DATA PROVIDED
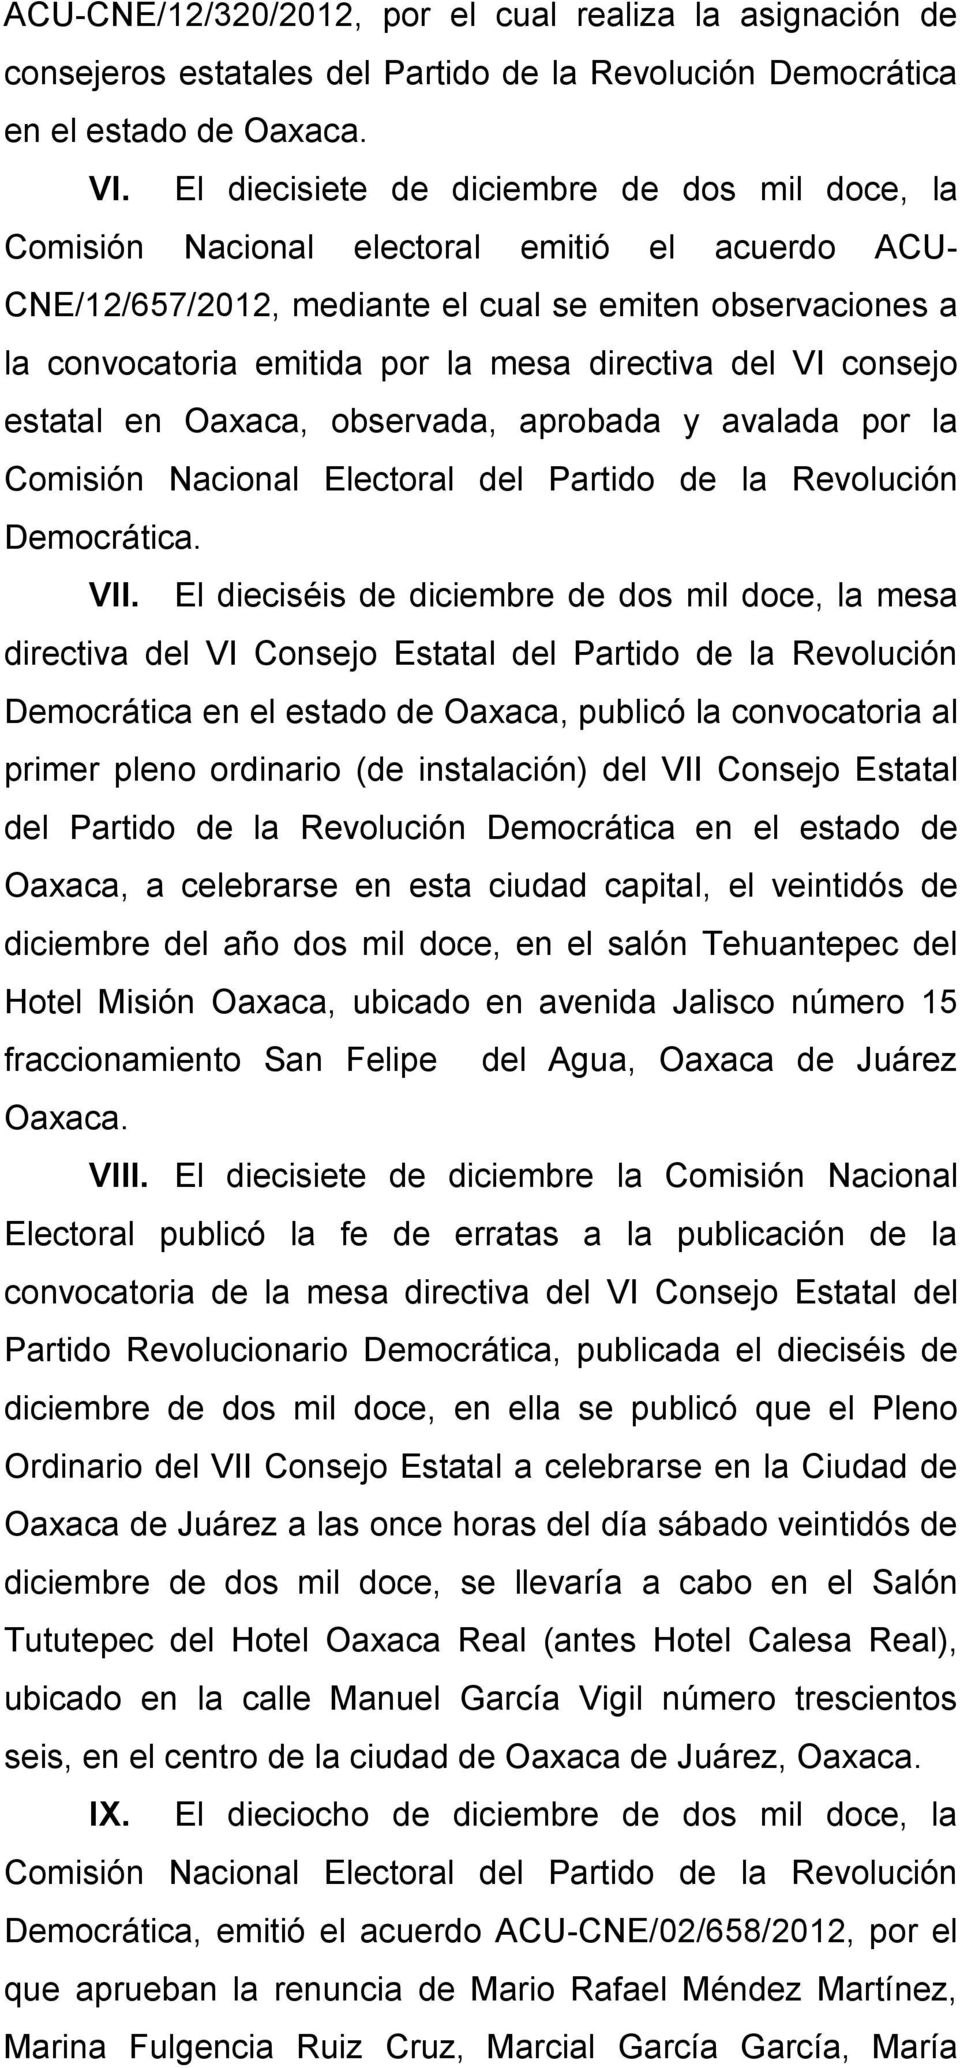 directiva del VI consejo estatal en Oaxaca, observada, aprobada y avalada por la Comisión Nacional Electoral del Partido de la Revolución Democrática. VII.
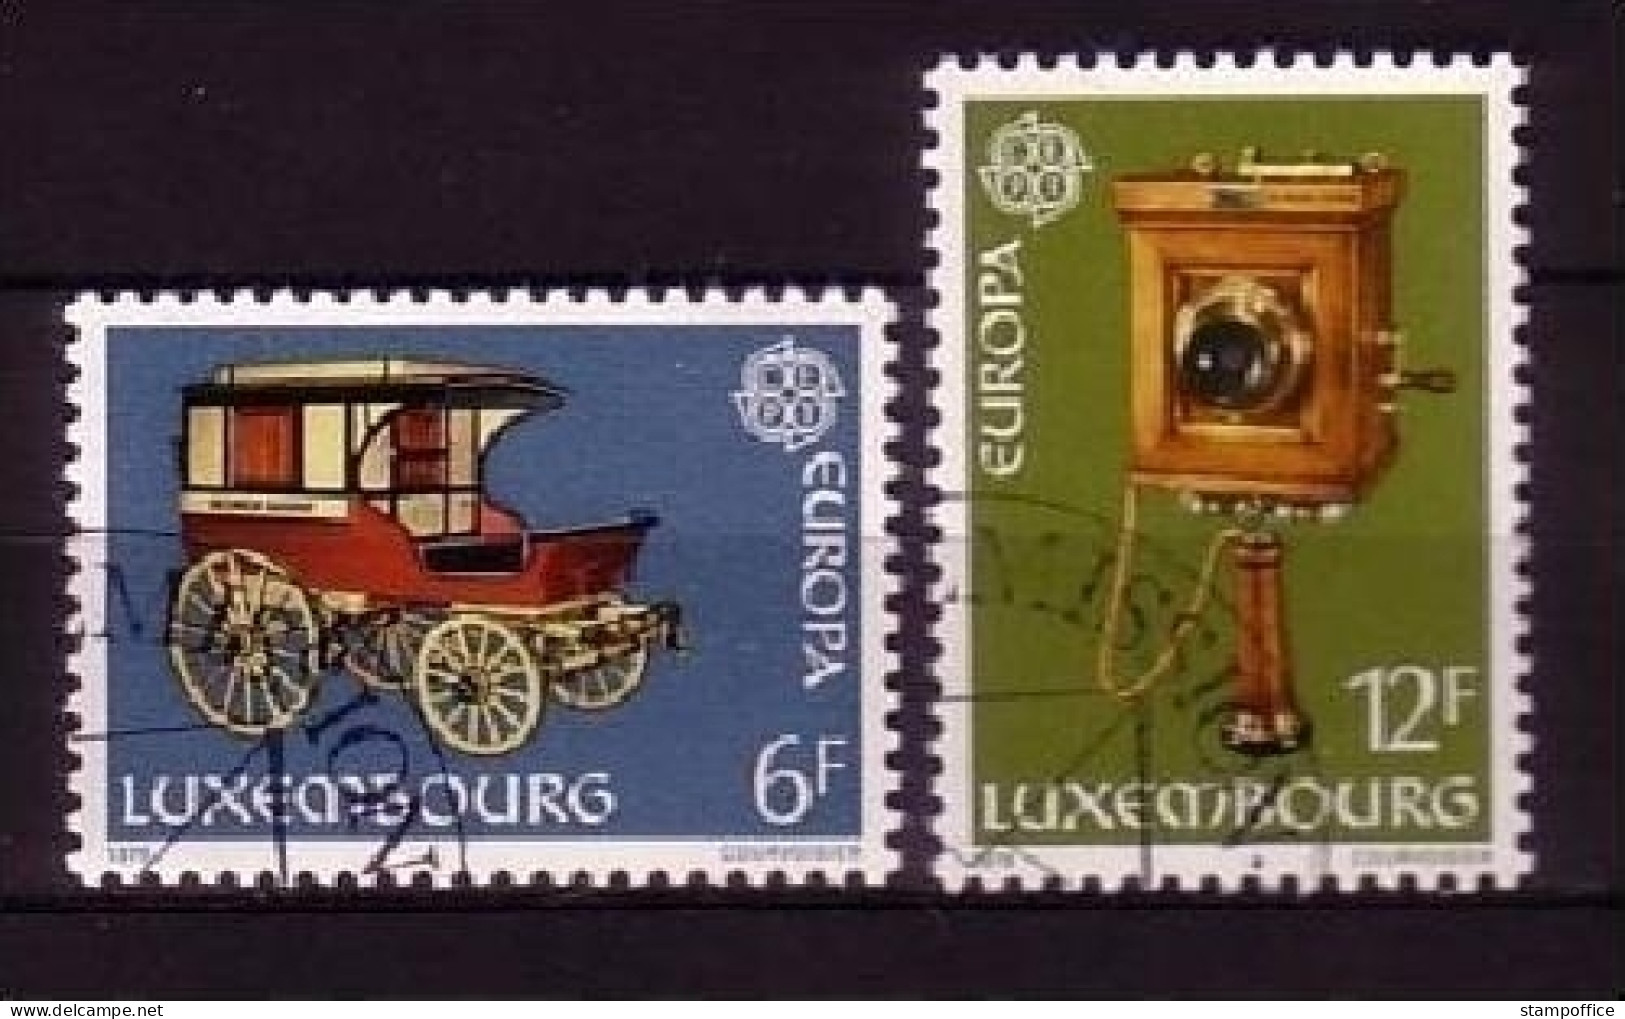 LUXEMBURG MI-NR. 987-988 GESTEMPELT(USED) EUROPA 1979 POST- Und FERNMELDEWESEN KUTSCHE - 1979
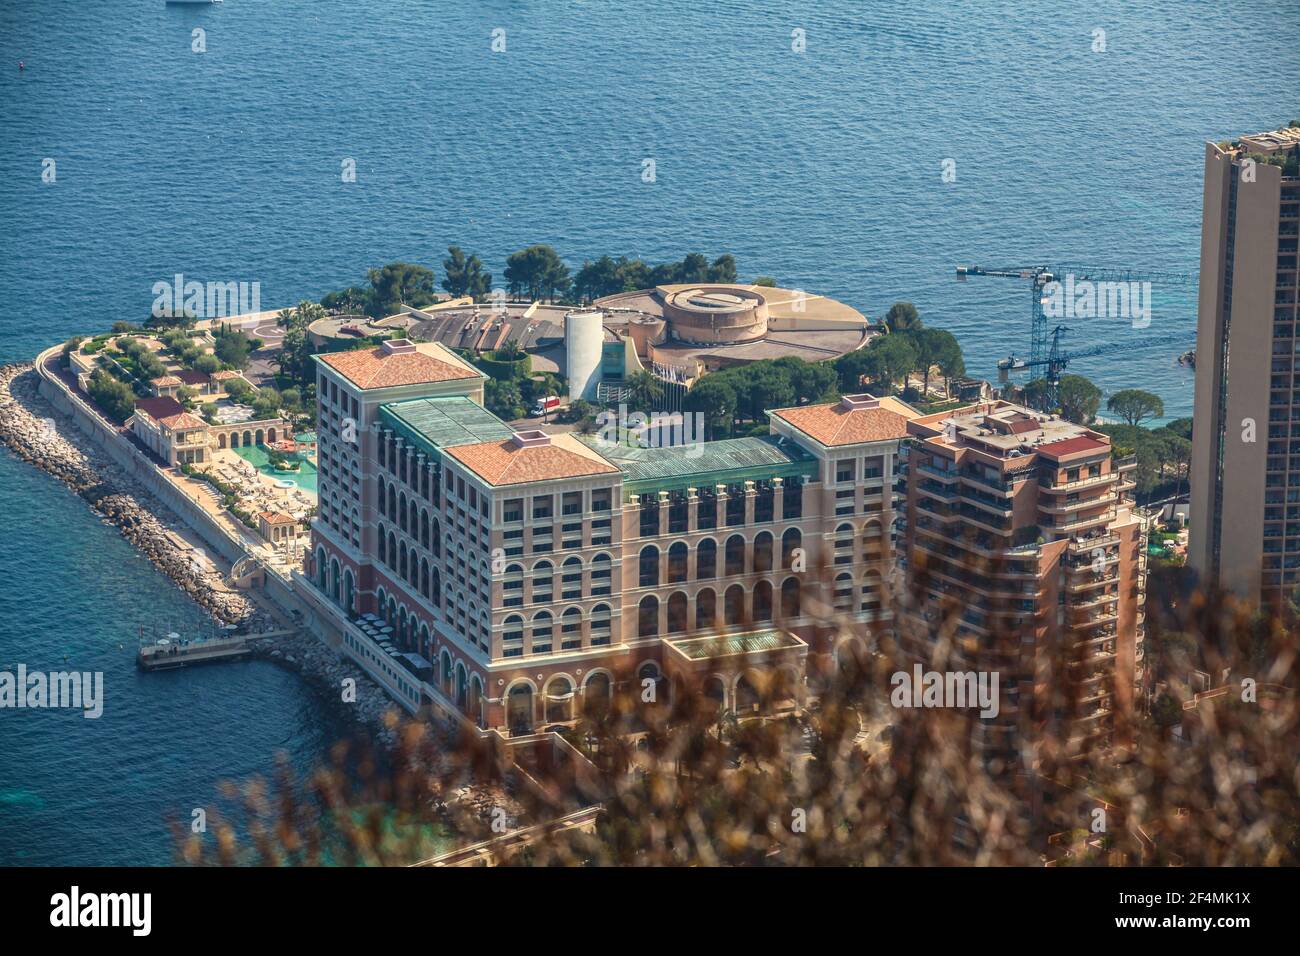 Monte Carlo Bay Hotel in Monaco Stock Photo
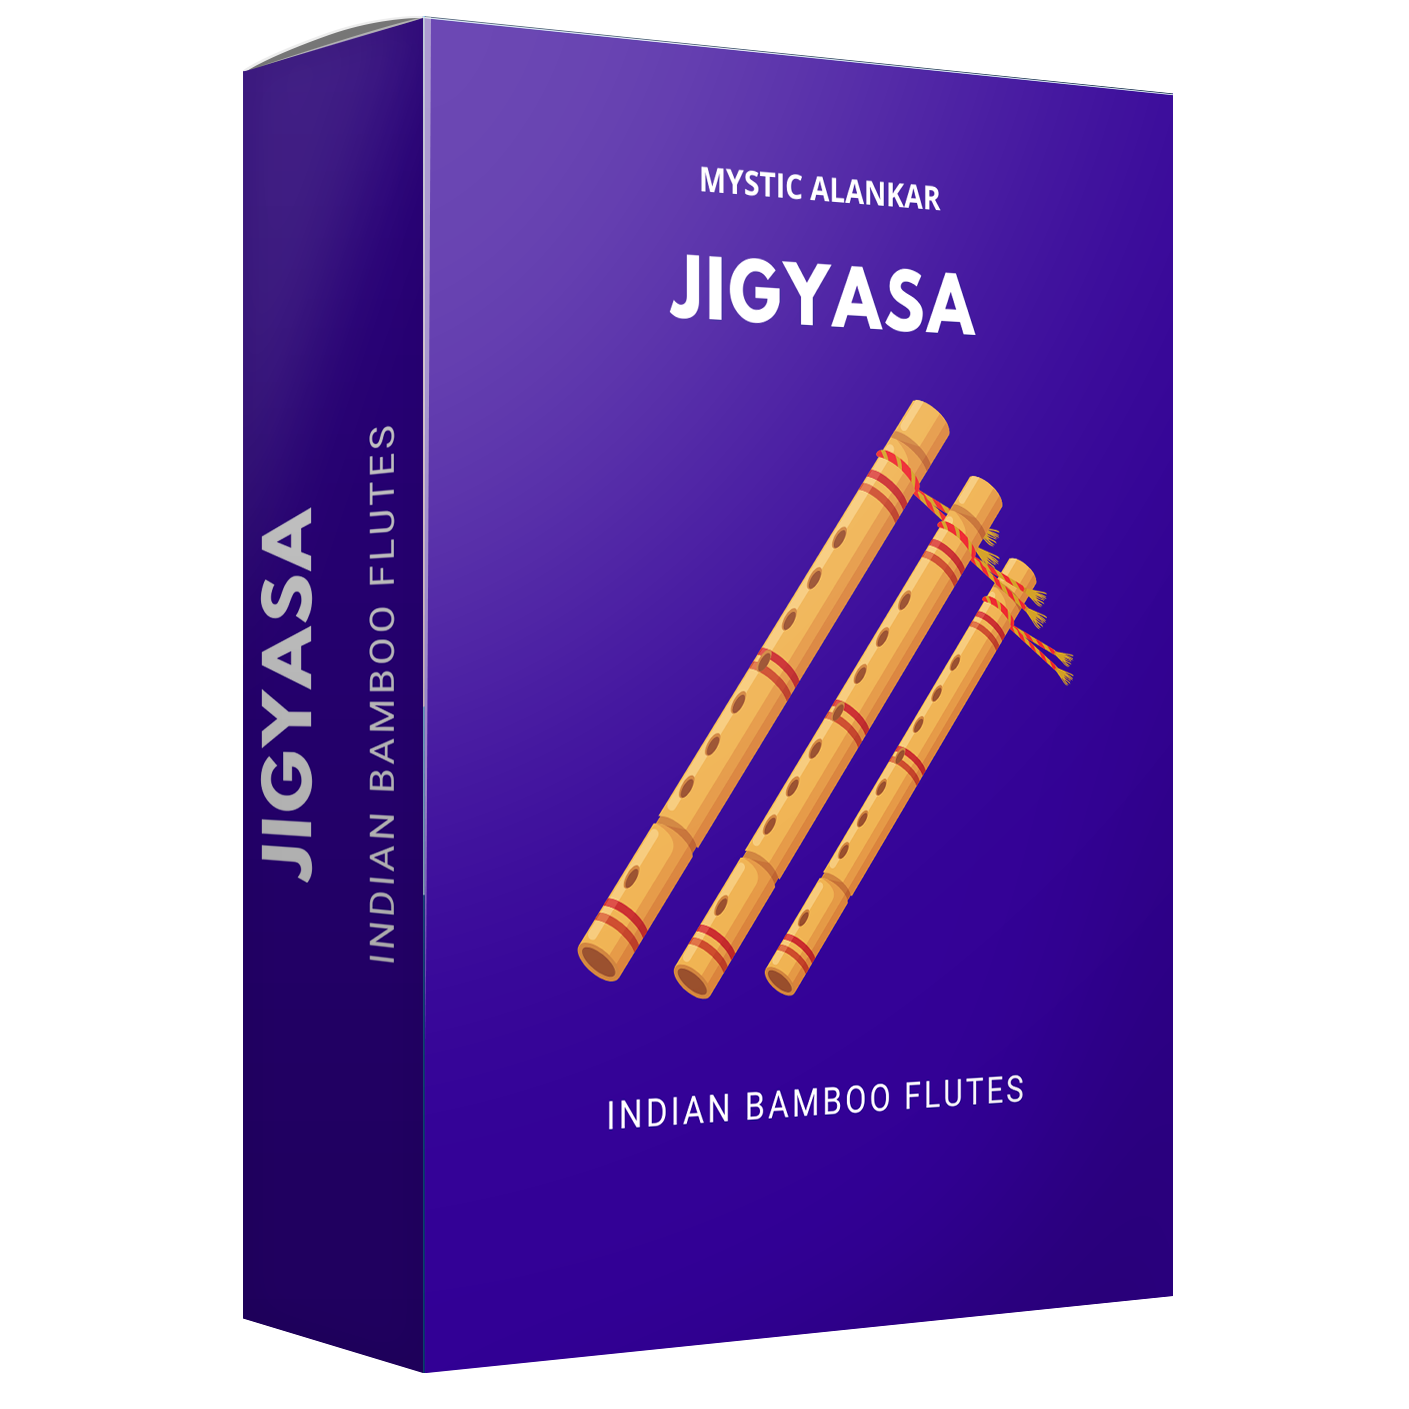 Jigyasa - Indian Bamboo Flutes

REQUIRED ACTION
Full transcription of the material, exact in every line, without images.

RESPONSE TO THE EXERCISE
 directiva del VI consejo estatal en Oaxaca, observada, aprobada y avalada por la Comisión Nacional Electoral del Partido de la Revolución Democrática. VII.
 LUXEMBURG MI-NR. 987-988 GESTEMPELT(USED) EUROPA 1979 POST- Und FERNMELDEWESEN KUTSCHE - 1979
 Monte Carlo Bay Hotel in Monaco Stock Photo
 Jigyasa - Indian Bamboo Flutes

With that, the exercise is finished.